**Stored data**

******************************

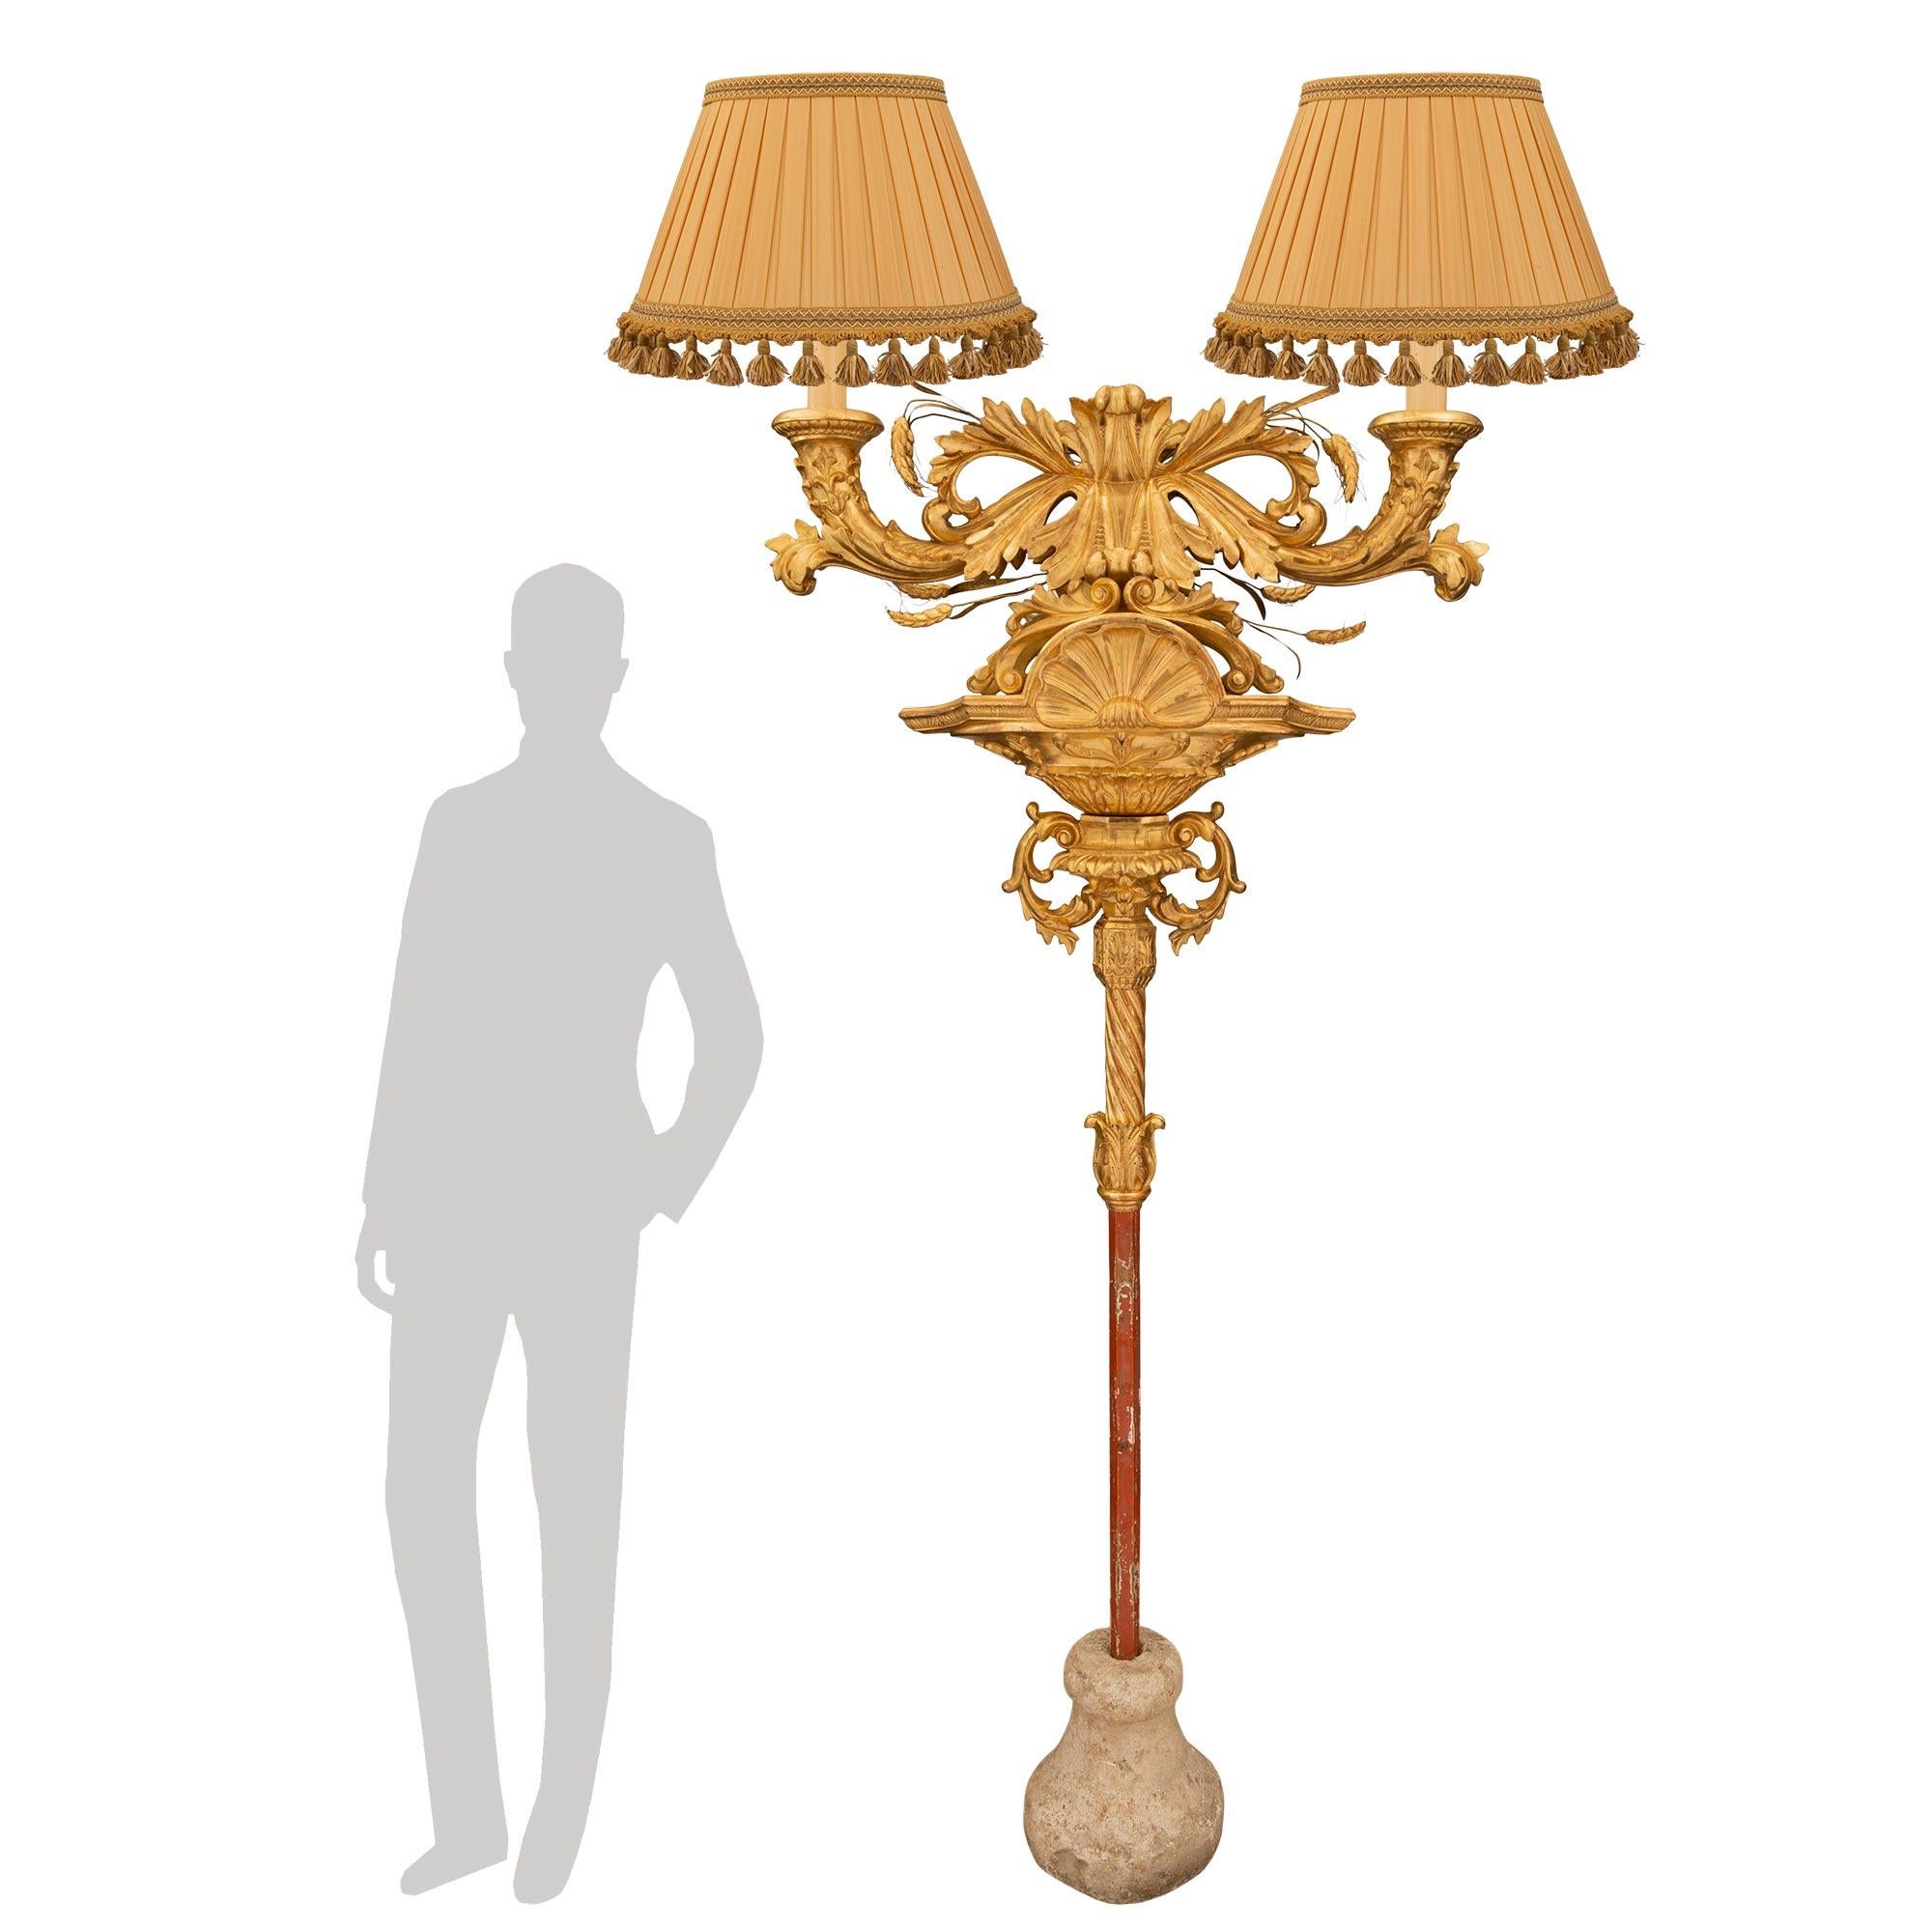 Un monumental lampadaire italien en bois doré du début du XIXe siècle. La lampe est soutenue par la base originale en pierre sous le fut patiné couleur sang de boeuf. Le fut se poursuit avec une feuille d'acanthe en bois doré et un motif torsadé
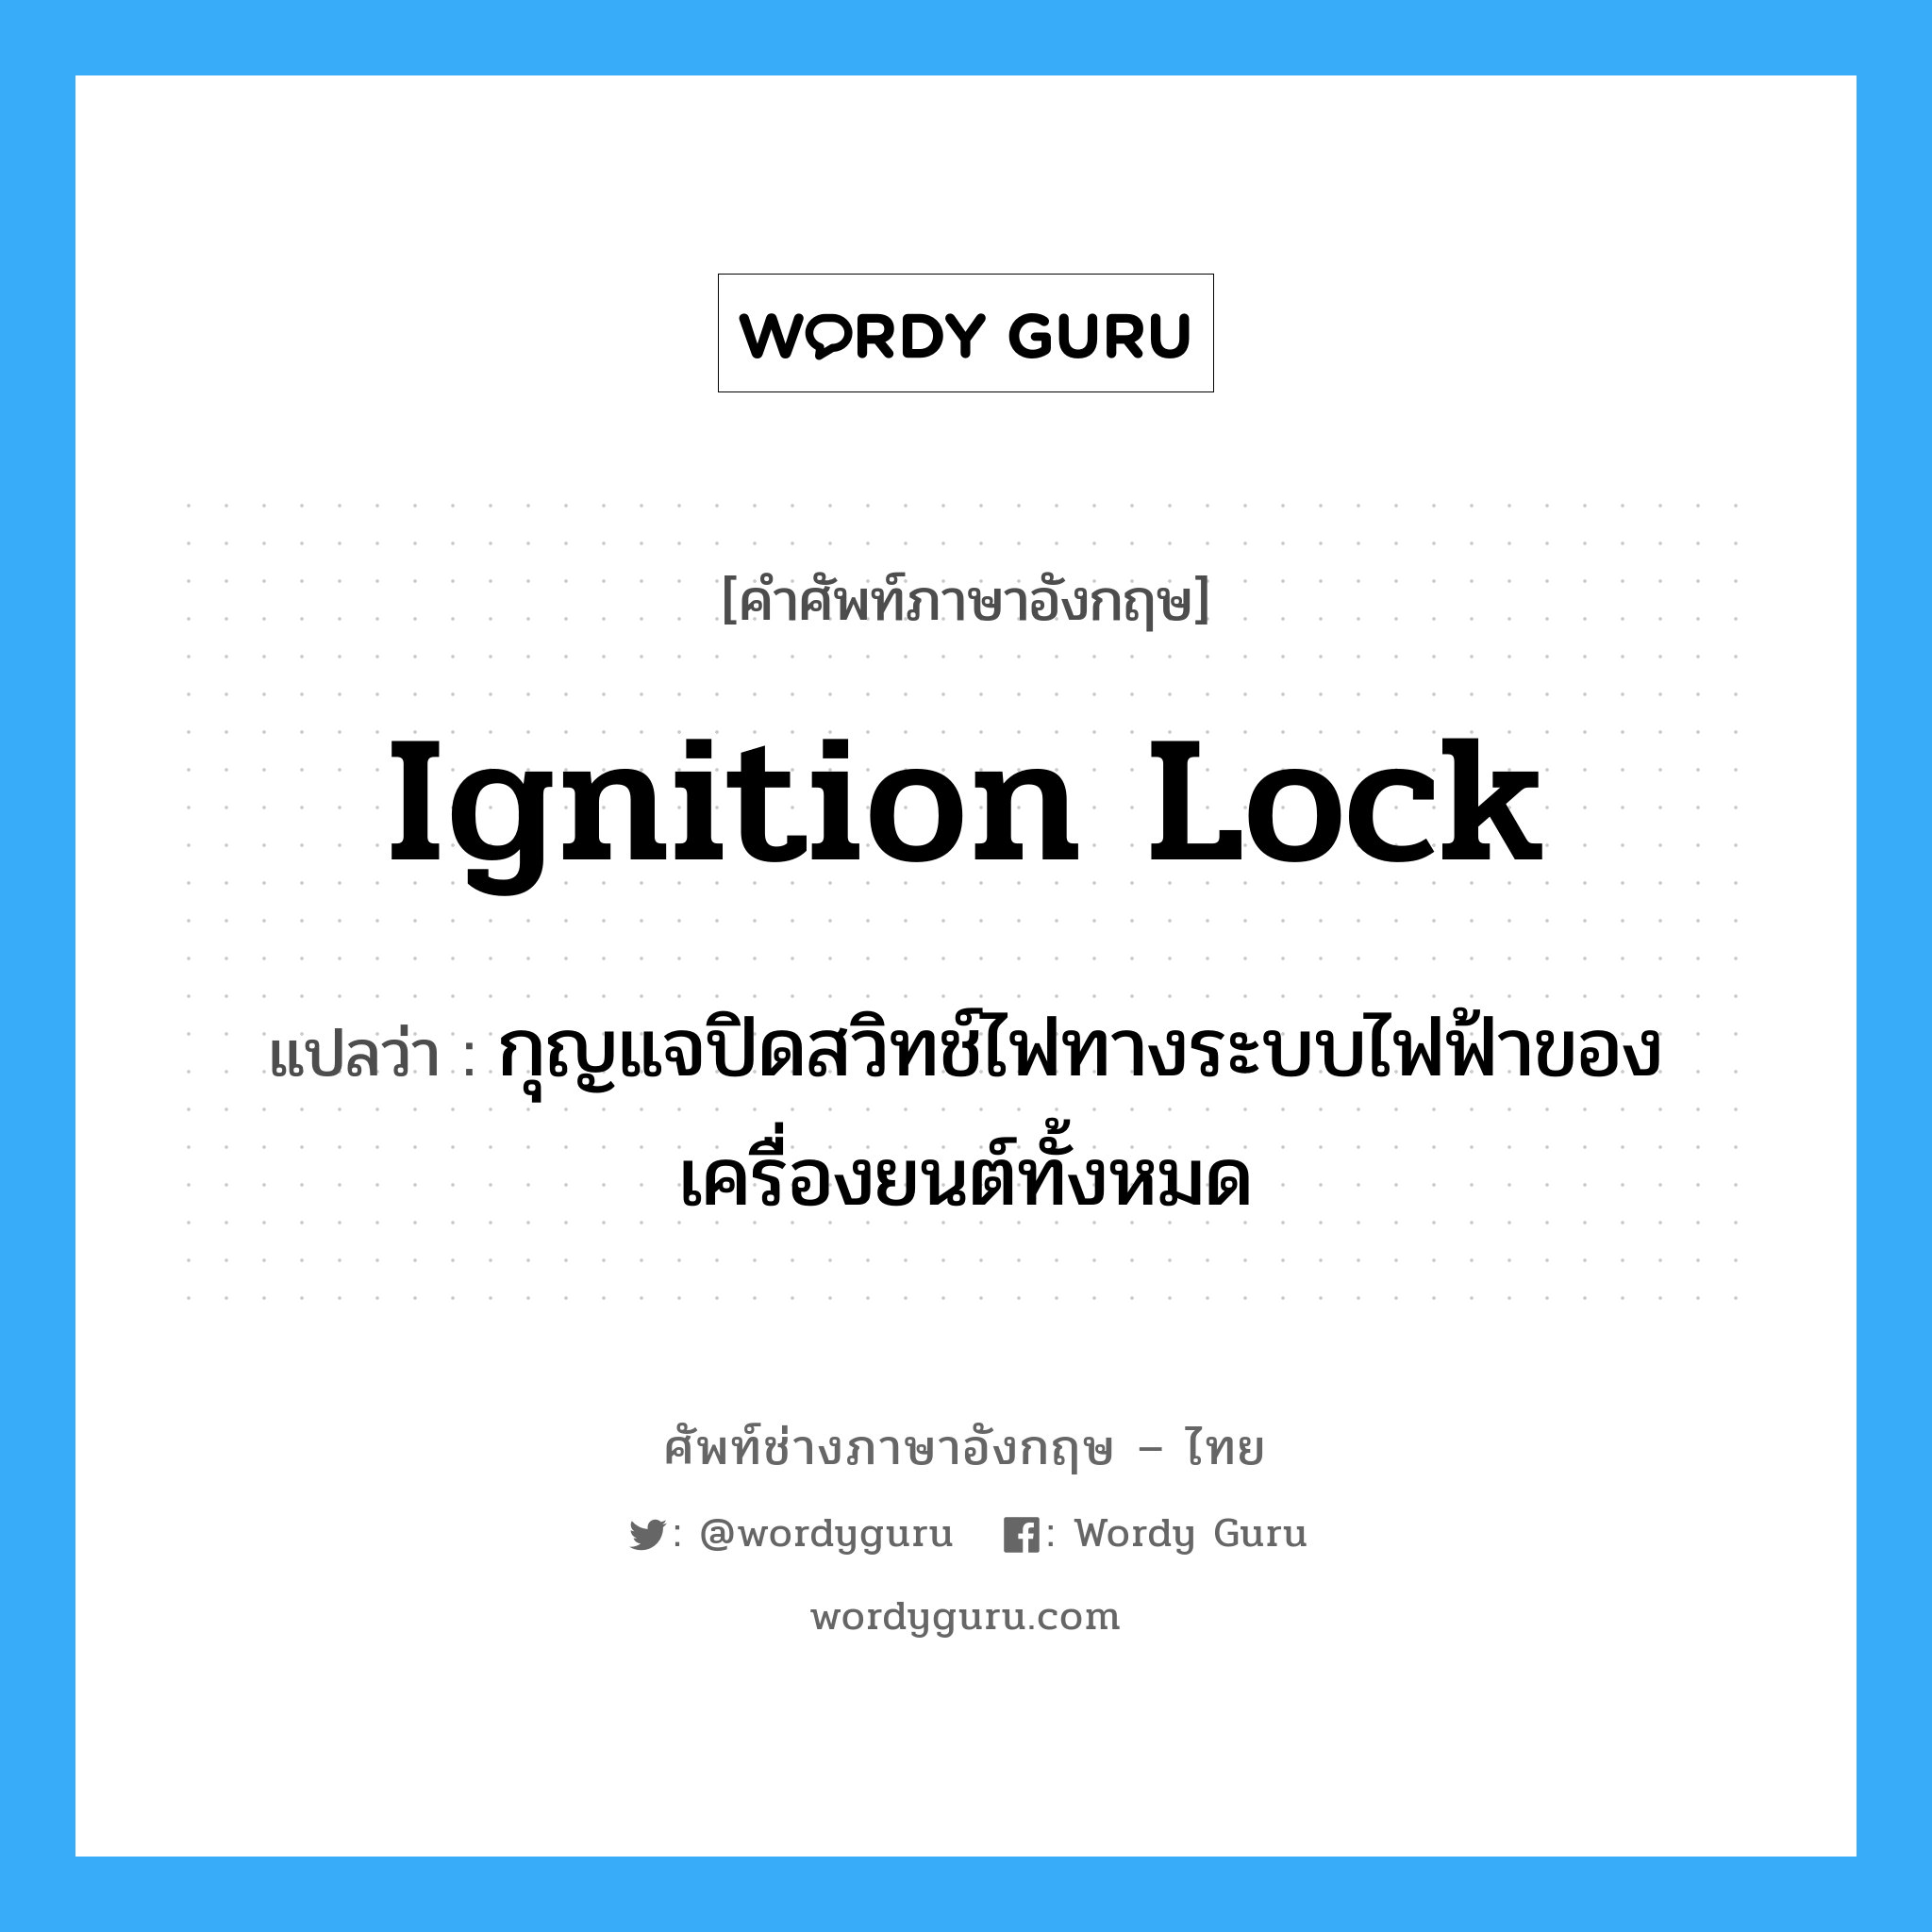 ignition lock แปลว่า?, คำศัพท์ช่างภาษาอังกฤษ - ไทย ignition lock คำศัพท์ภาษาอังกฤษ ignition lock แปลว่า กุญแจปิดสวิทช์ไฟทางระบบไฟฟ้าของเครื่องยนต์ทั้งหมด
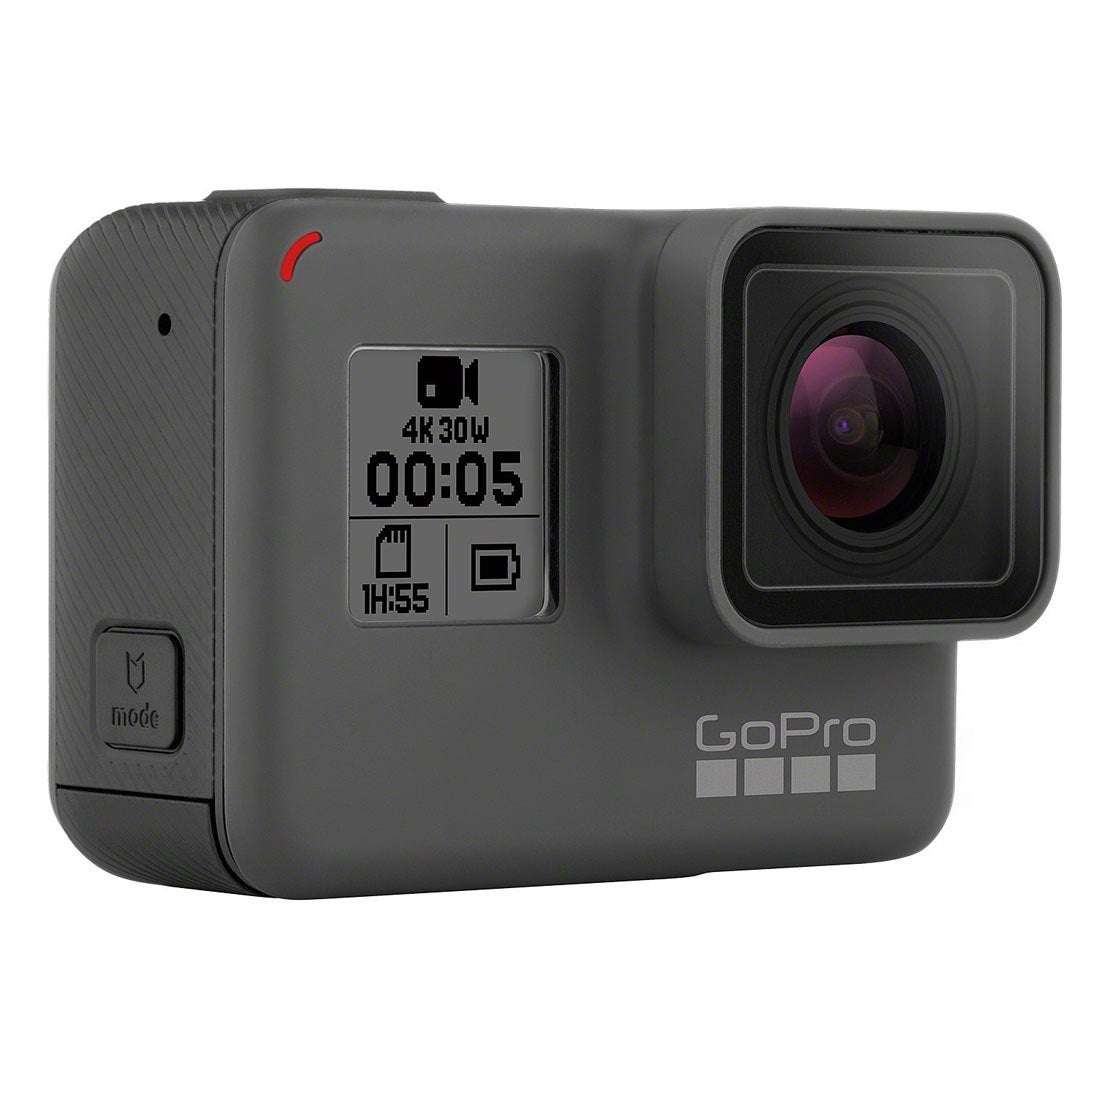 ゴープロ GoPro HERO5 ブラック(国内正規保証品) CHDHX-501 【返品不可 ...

******************************

**Activity**
Would you retype exactly the lines running from the line that contains "ignition lock แปลว่า?, คำศัพท์ช่างภาษาอังกฤษ" through the end of the listing above, both included? Skip every picture.

**Exercise response**
 ignition lock แปลว่า?, คำศัพท์ช่างภาษาอังกฤษ - ไทย ignition lock คำศัพท์ภาษาอังกฤษ ignition lock แปลว่า กุญแจปิดสวิทช์ไฟทางระบบไฟฟ้าของเครื่องยนต์ทั้งหมด
 ゴープロ GoPro HERO5 ブラック(国内正規保証品) CHDHX-501 【返品不可 ...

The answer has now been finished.